# Guess My Word

#### Authors:
v1.0 (Spring 2020) William Gan, Kannan Ramchandran

v2.0 (Spring 2022) Andy Dong

## Introduction

In Guess My Word http://hryanjones.com/guess-my-word/, your goal is to make guesses at a secret word that the computer has generated. After each guess, the game tells you whether your guess is before or after the secret word lexicographically. Being bad at it, Andy wants to write a program to solve the problem optimally. In this lab, you'll explore a couple ideas he has and help him write the program.

In [2]:
import matplotlib.pyplot as plt
import numpy as np

## Modeling the Game

Suppose we have obtained a list of the words used in the game. Each word has a count that represents relatively how often it appears in the English language. Suppose the secret word is chosen proportionally to this count. The code in the cells below simulates the game. There are a few things to note:

- The count is proportional to the probability that each word is chosen, and will be the probability distribution when normalized (that is, when divided by the sum of all counts).
- In this version of the game, we're assuming guesses are only allowed to come from the list of possible words used.
- We're also assuming that you aren't told the secret word if you guess it correctly. If your guess matches the secret word, the game will tell you that the secret word is lexicographically after your guess. You have to deduce it yourself.

In [3]:
from words import WORD_COUNT

In [4]:
type(WORD_COUNT)

dict

In [5]:
total_count = sum(WORD_COUNT.values())
sorted_words = sorted(list(WORD_COUNT))
sorted_word_counts = np.array([WORD_COUNT[w] for w in sorted_words])
cumulative_counts = np.cumsum(sorted_word_counts)

In [6]:
print(f'Total count: {total_count}')
print('First 10 sorted words:', *sorted_words[:10])
print(f'Counts associated with these words: {list(sorted_word_counts[:10])}')
print(f'Cumulative counts associated with these words: {list(cumulative_counts[:10])}')

Total count: 37009
First 10 sorted words: abstain accept across action active adhere afraid against alive allegory
Counts associated with these words: [2, 24, 111, 122, 23, 1, 116, 221, 16, 1]
Cumulative counts associated with these words: [2, 26, 137, 259, 282, 283, 399, 620, 636, 637]
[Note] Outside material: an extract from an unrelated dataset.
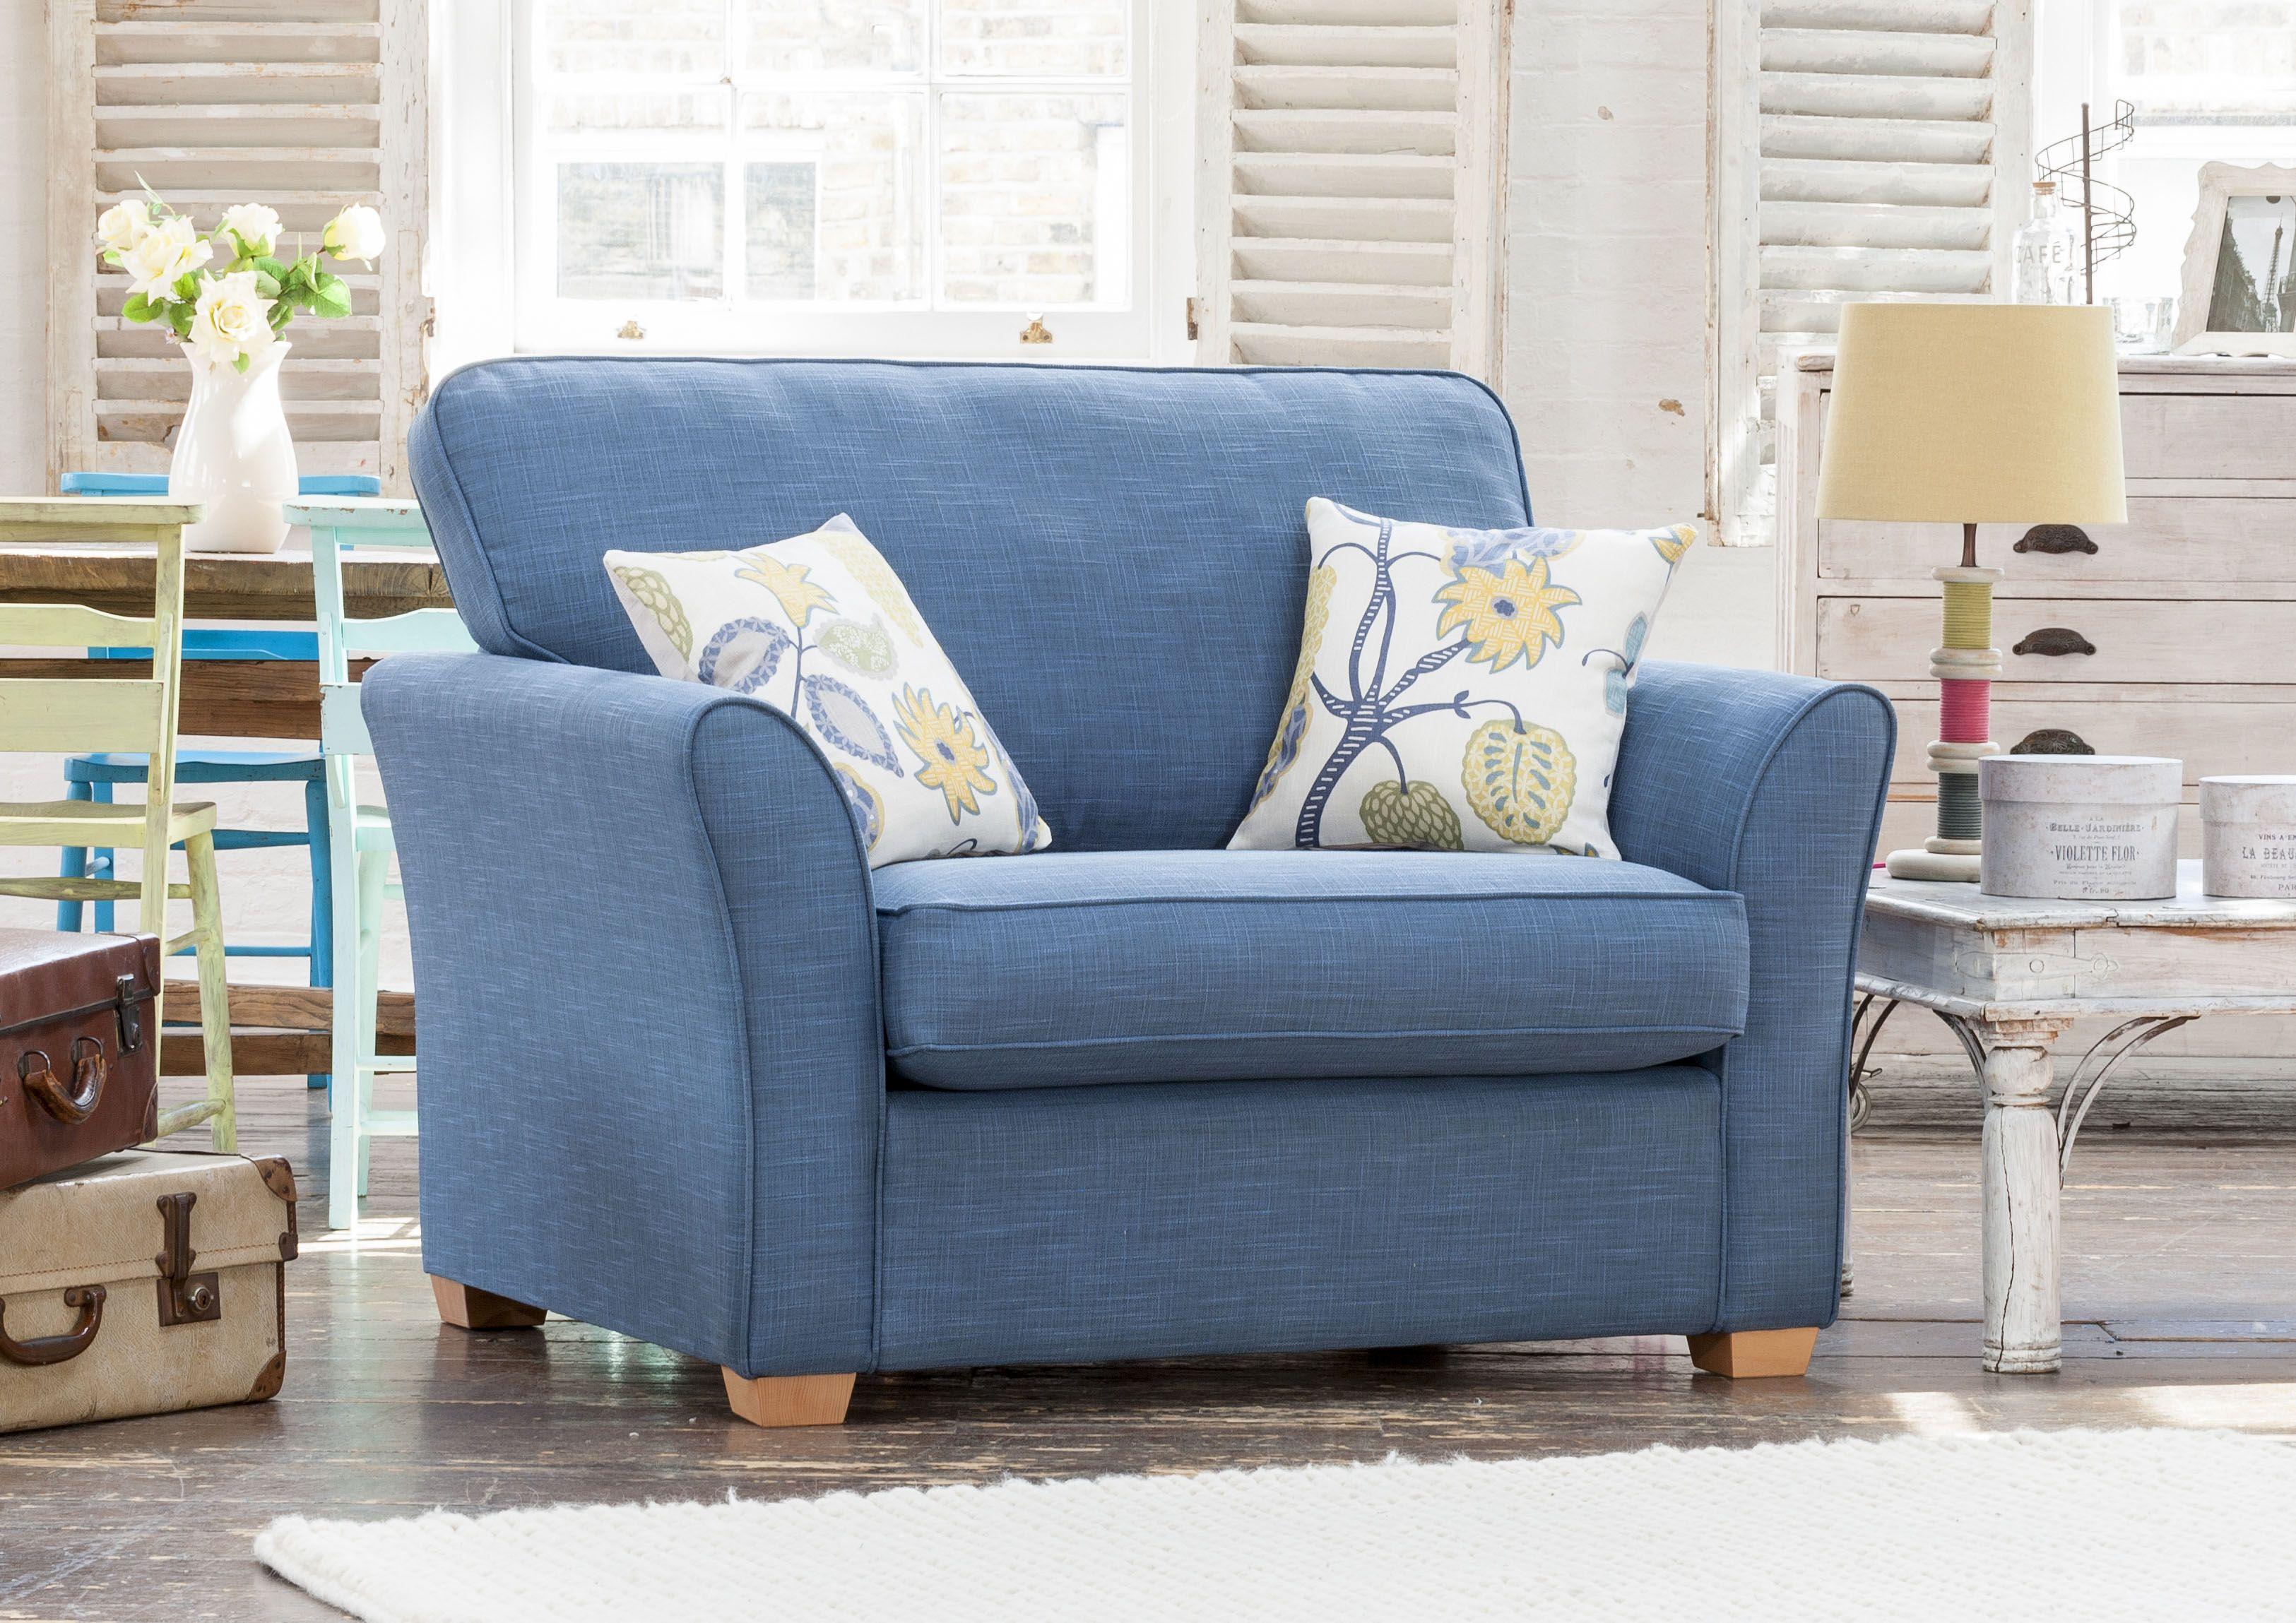 Padbury Sofa Bed Chair bed, Sofa, Sofa bed mattress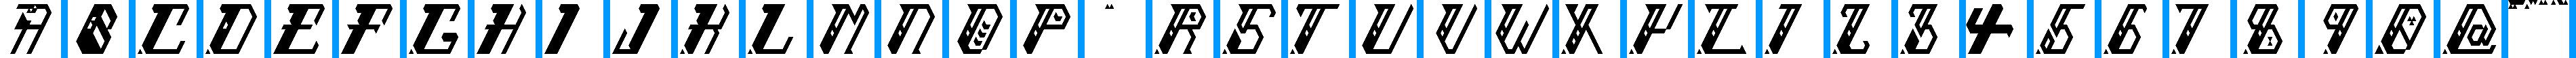 Particip-a-type v.299

The following function uses binary search to find the word associated with an index ranging from $0$ to total_count minus $1$. For example, `binary_search_word_generation(126)` will return the third word, "across". Take a minute to convince yourself why before moving on.

In [7]:
def binary_search_word_generation(index):
    assert 0 <= index < total_count
    low, high = 0, len(sorted_words) - 1
    while low < high:
        mid = (low + high) // 2
        if cumulative_counts[mid] > index:
            high = mid
        else:
            low = mid + 1
    return sorted_words[low]

In [8]:
binary_search_word_generation(126)

'across'

**In the following cell, implement `generate_secret_word` using `binary_search_word_generation`.**

In [9]:
def generate_secret_word():
    # BEGIN YOUR SOLUTION
    i = np.random.randint(total_count)
    return binary_search_word_generation(i)
    # END YOUR SOLUTION

This cell creates a game by generating a secret word and returning `guess_function`, which is a function that returns True if the guess is lexicographically "less than" the secret word, and False otherwise.

In [10]:
def create_game(secret_word):
    def guess_function(guess):
        assert guess in WORD_COUNT
        return guess < secret_word
    return guess_function

## Binary Search Idea

The first idea is to ignore the counts and perform binary search on the possible words. In the cell below, `binary_search_game` receives a `guess_function` which was created by a call to `create_game`. Your code should use this `guess_function` to deduce what the secret word is, as well as keep track of how many guesses it took. **In the cell below, write code that returns the deduced secret word and number of guesses required**.  

*Hint: If you want help implementing binary search, you could model it off of `binary_search_word_generation`.*

In [163]:
def binary_search_game(guess_function):
    guesses = 0
    deduced_word = None
    # BEGIN YOUR SOLUTION

    min_ = 0
    max_ = len(sorted_words)-1

    guesses = 0
    while max_-min_ >= 1:
        guesses += 1

        guess = (max_-min_)//2 + min_

        word = sorted_words[guess]

        if guess_function(word):
            min_ = guess+1
        else:
            max_ = guess

    if not guess_function(sorted_words[min_]):
        return sorted_words[min_], guesses

    return sorted_words[min_+1], guesses
    
    # END YOUR SOLUTION
    # return deduced_word, guesses

Use the following function to test your code. **While your implementation may not get the exact same number of guesses, it should take 9 or 10 guesses**. **It should also be deducing the correct word.**

In [164]:
def test_binary_search_game():
    '''Sanity checks for binary_search_game.'''
    words = ['find', 'time', 'great', 'anyone', 'lying']
    return [binary_search_game(create_game(w)) for w in words]

In [165]:
print('Staff solution:', [('find', 10), ('time', 10), ('great', 10), ('anyone', 10), ('lying', 9)])
print('Your solution: ', test_binary_search_game())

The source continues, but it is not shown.